With the UK Government hoping to announce that the UK has the best broadband in Europe in 2015, how the UK stands in statistics announced by the EU as part of its Digital Agenda may help inform progress in the absence of similar statistics from the BDUK and others.
The UK generally fares very well in terms of coverage of basic broadband, and even merits 100% coverage of broadband in one form or another. We also have the third largest number of broadband lines, where we do start to fall behind is take-up of services at speeds of 30 Mbps and faster. The UK is in 3rd place with regards to the share of fixed broadband lines at 10 Mbps or faster, but moving to a speed of 30 Mbps or faster, we shift to below average across the EU at just 5.5% of lines.
Countries like Romania, Lithuania head the table for take-up of superfast services, but their national coverage of any broadband is just 82% and 88.5%. The suggestion is that in the UK the push that occurred in 2003 to 2006 to get ADSL services as widespread as possible, along with regulator pressure to ensure LLU was a success has hampered the roll-out of superfast services. Until 2009, the rules stopped BT/Openreach deploying FTTC/P.

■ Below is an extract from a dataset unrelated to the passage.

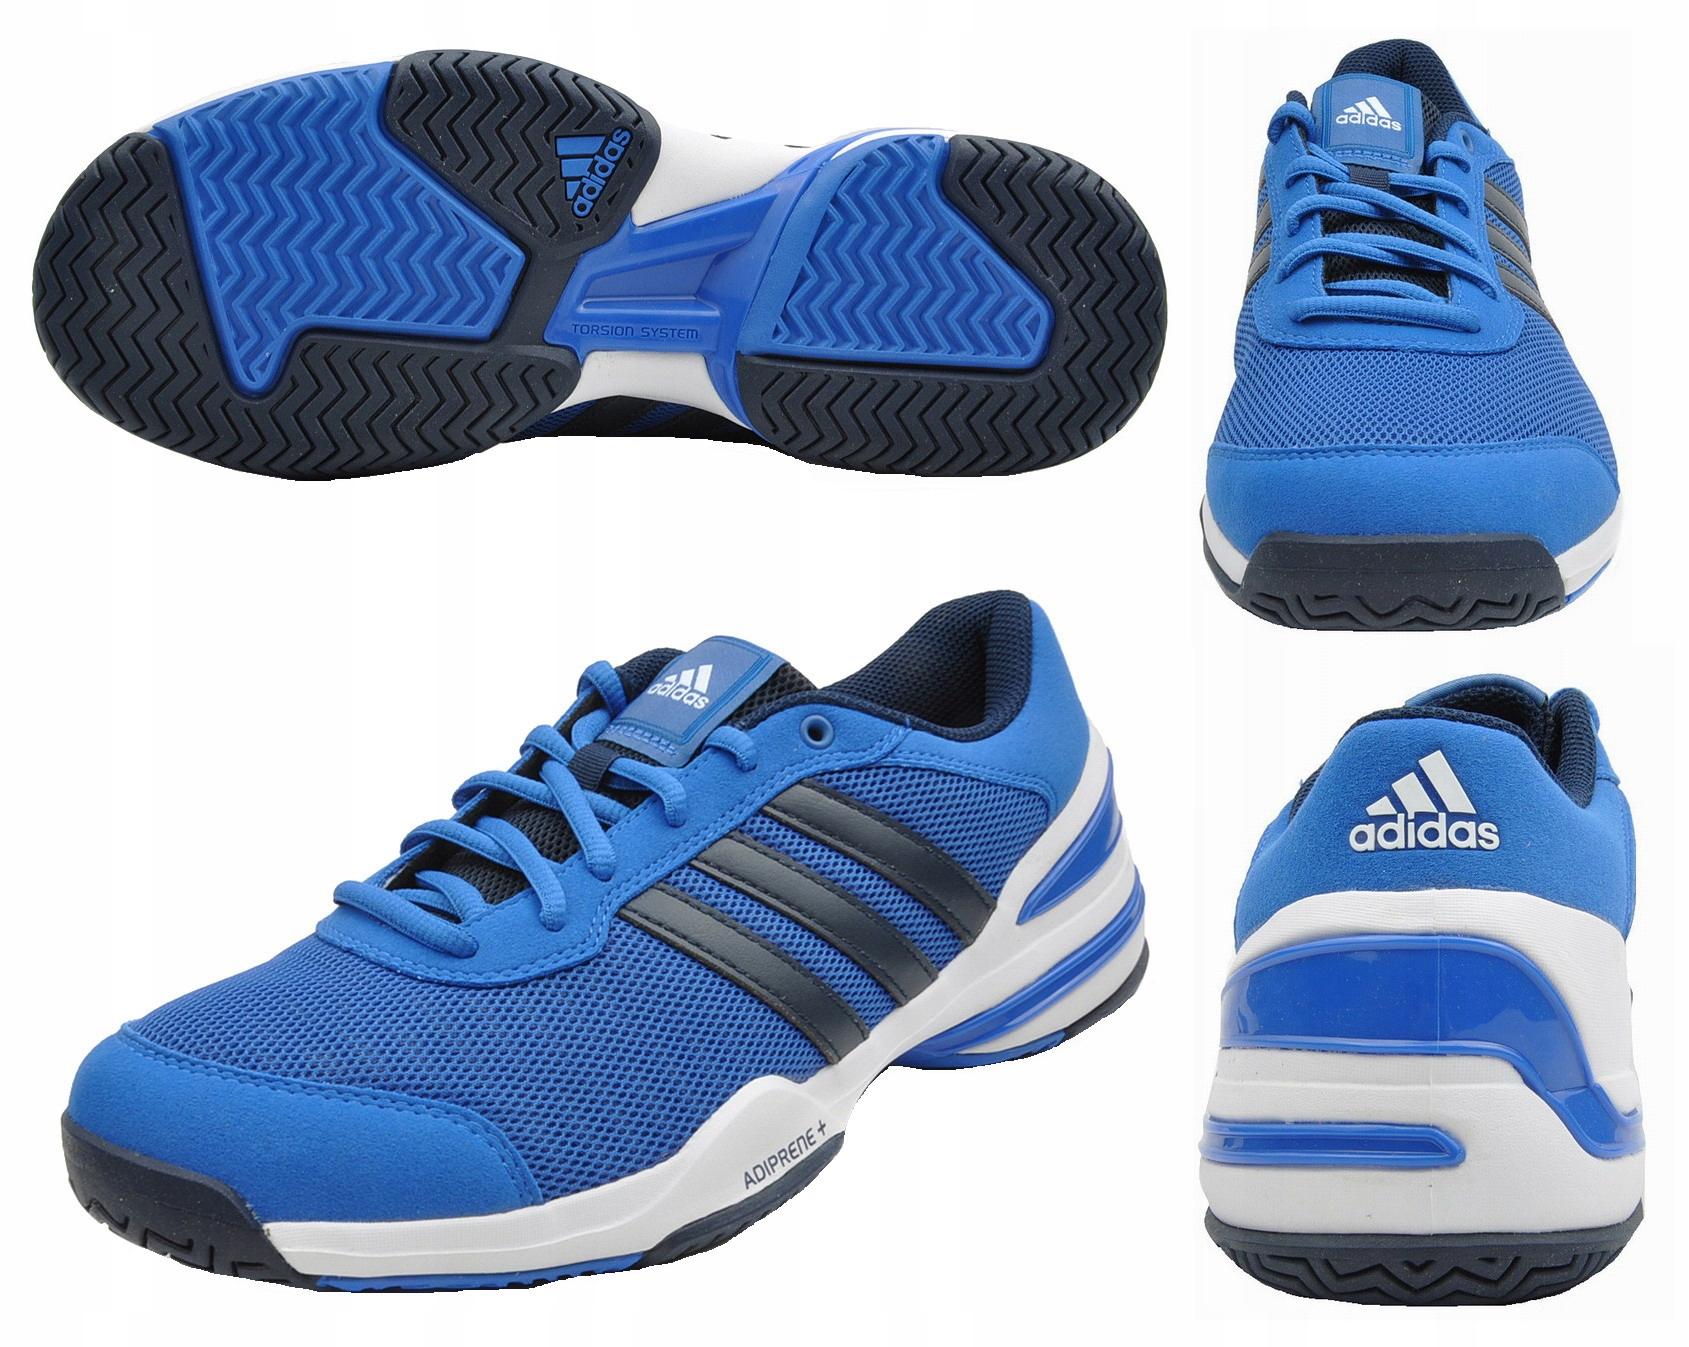 Adidas Rally Oop buty tenisowe męskie 44 23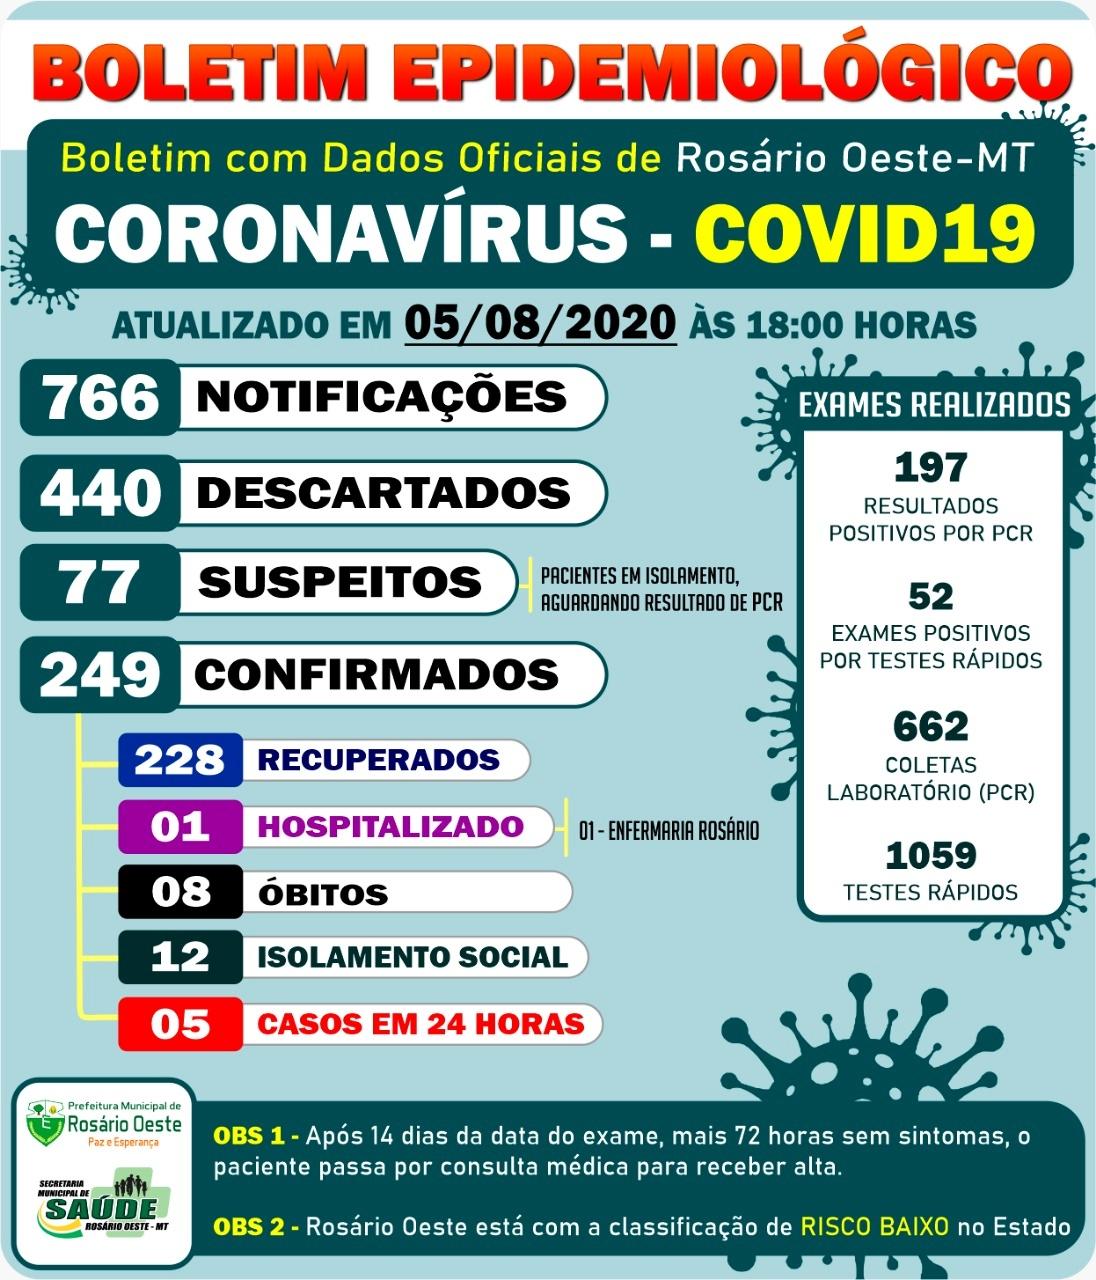 Rosário Oeste teve 5  casos de Covid-19 nas últimas 24 horas

The moves by Virgin Media to slowly upgrade customers to faster speeds, and only sell a 30 Mbps minimum service will have an increasing impact on the statistics, and in three years it is very likely that the few million Virgin Media customers will all be on a service running at 50 Mbps or faster. The Openreach full and partial fibre services are grabbing the attention of the public, and the questioning about where/when/how fast are reminiscent of the ADSL rollout in 2002-2003.
The EU has some €9.2bn to spend to get the 27 EU countries broadband services running at speeds that will meet the EU 2020 targets. The difficult one for the UK which is very price sensitive is how to drive take-up of 30 Mbps and faster services, not an easy task when millions are used to shopping around for broadband and seeing prices of £3.25 to £10 a month.
Hopefully the BDUK and UK Government will start to publish its Broadband Scorecard soon, so that we can track our progress towards the targets. If the only publication is the final scorecard result saying job done, then many critics will claim the scoring system was fixed.
"where we do start to fall behind is take-up of services at speeds of 30 Mbps and faster."
And that is the problem with these reports, you can't make people take up services.